本以為薑澄是背著自己跟人約會,現在看來她隻是身不由己。

聽到這裏,林傲臉色倒是緩和了一些。

“他怎麽沒錯?”

吳秋怡尖聲罵道:

“身為男人,沒本事沒能耐就是最大的錯!”

薑澄被懟得一陣語塞,眼中露出苦澀。

這時趙劍又一臉戲謔道:

“薑醫生,你可別告訴我你對那家夥真有什麽感情。

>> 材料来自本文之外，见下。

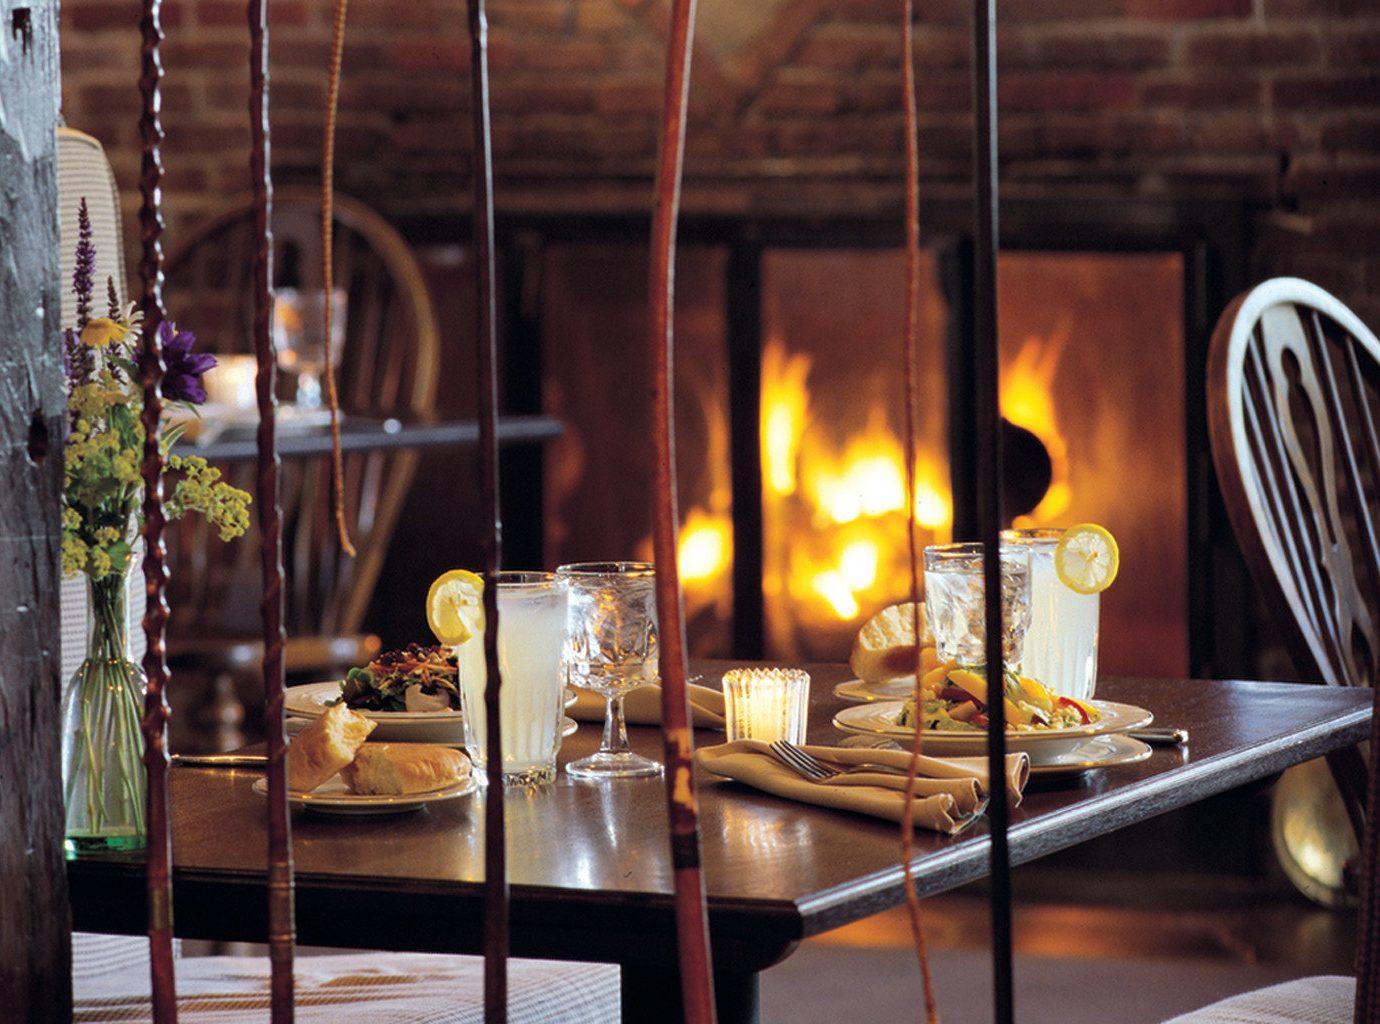 Bar Dining Drink Eat Fireplace Luxury restaurant lighting
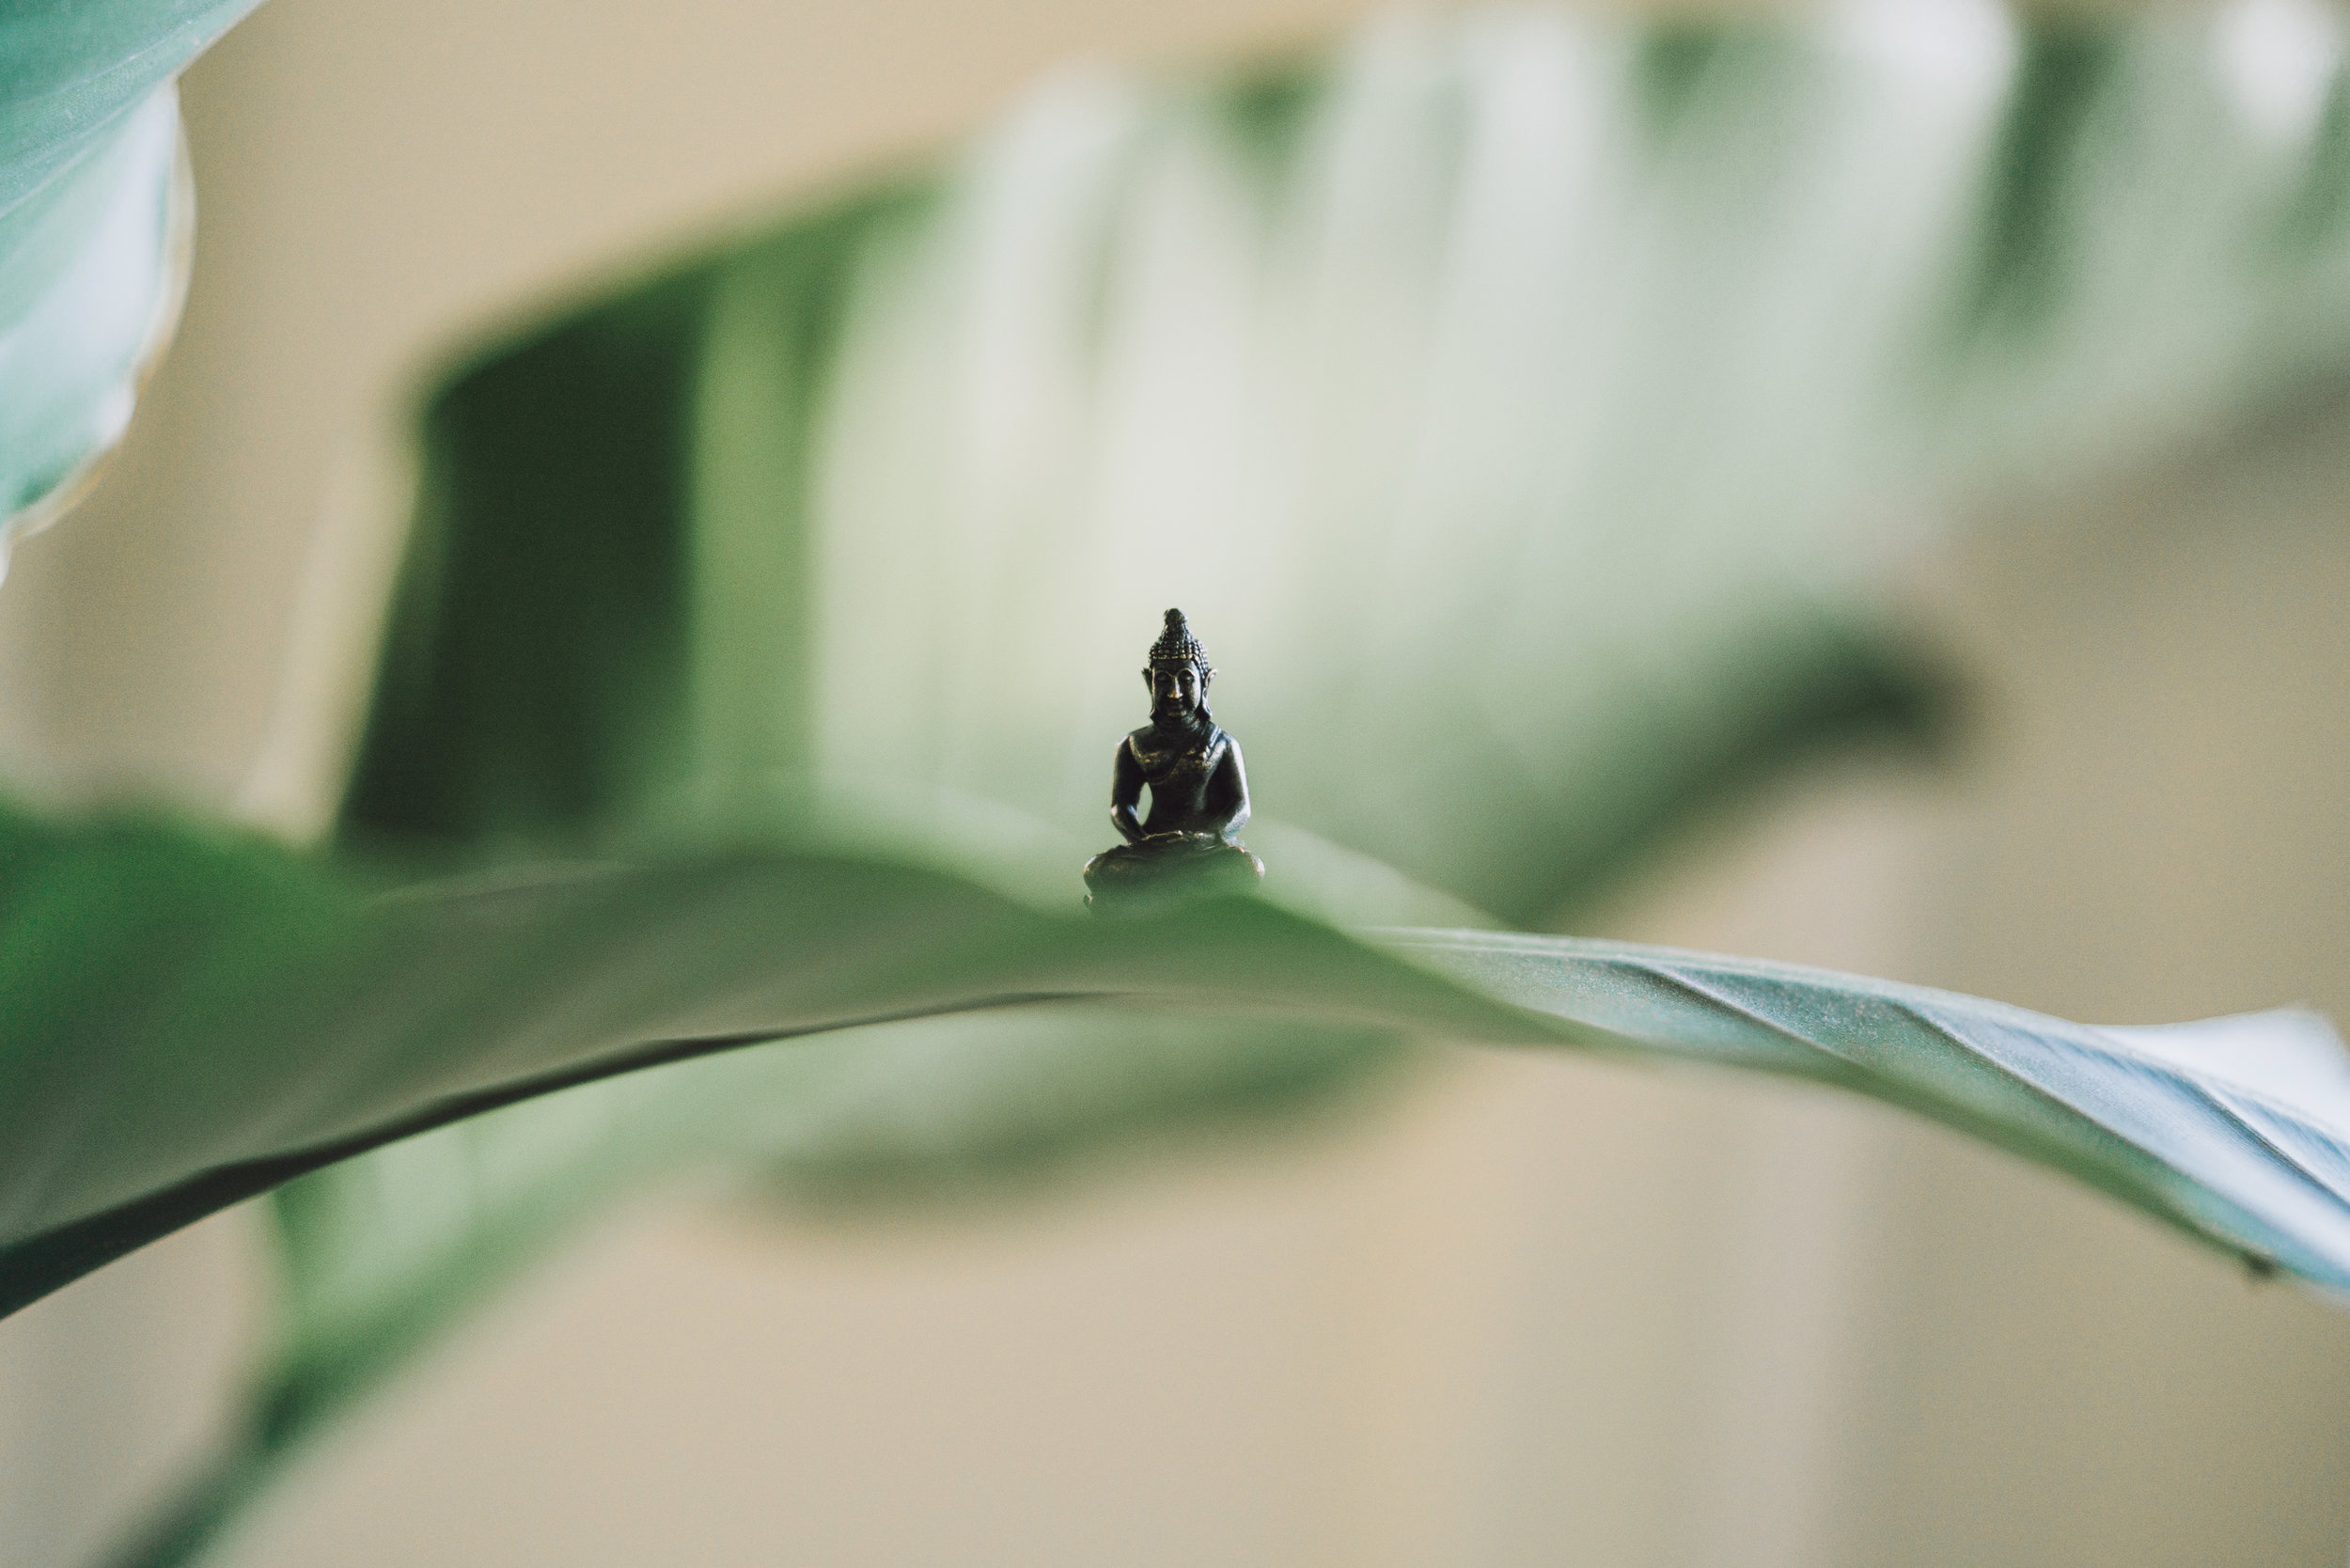 tiny buddha meditating on a leaf

我聽說你們結婚三年,都沒有過夫妻之實,你至今也還是完璧之身?”

這事,趙劍自然也已從吳秋怡口中得知了。

畢竟吳秋怡現在是巴不得將兩人撮合在一起,而薑澄的處子之身,也是一個頗有分量的籌碼。

聽到趙劍的話,薑澄頓時俏臉含煞,怒道:

“你——”

不過話未出口。

背後卻是響起一道清朗男聲:

“我和薑澄的感情好得很,就不勞你趙大公子費心了!”

一桌三人,齊齊轉過視線。

林傲昂首挺胸走到薑澄邊上。

吳秋怡大驚失色,仿佛被抓了現行,先是尷尬,隨後就惱羞成怒了:

“你怎麽來了,誰讓你來的?”

“我要再不來,你豈不是要把我媳婦都賣了?”

林傲似笑非笑道:

“為了錢,不惜出賣女兒的幸福,您居然還能說得這麽理直氣壯?”

吳秋怡傻眼了。

因為在家裏,她對林傲一向都是呼來喝去。

林傲也從來隻有逆來順受的份,從來不敢有一句怨言。

而現在,這廢物竟然敢跟自己嗆聲?

薑澄也是美眸一跳。

結婚三年,唯唯諾諾,低聲下氣的丈夫,竟然還有強硬的一麵???

蔫茄子支棱起來了。

軟柿子硬起來了?

不等薑澄反應,林傲已經一屁股坐了下來。

薑澄低呼一聲,柔弱的腰肢便被一隻有力的臂彎攬住了。

她難以置信地瞪大雙眸,視線中林傲的側臉棱角分明,刀削斧剁,嘴角勾勒幾分張揚,哪兒還有半點自己印象中的懦弱?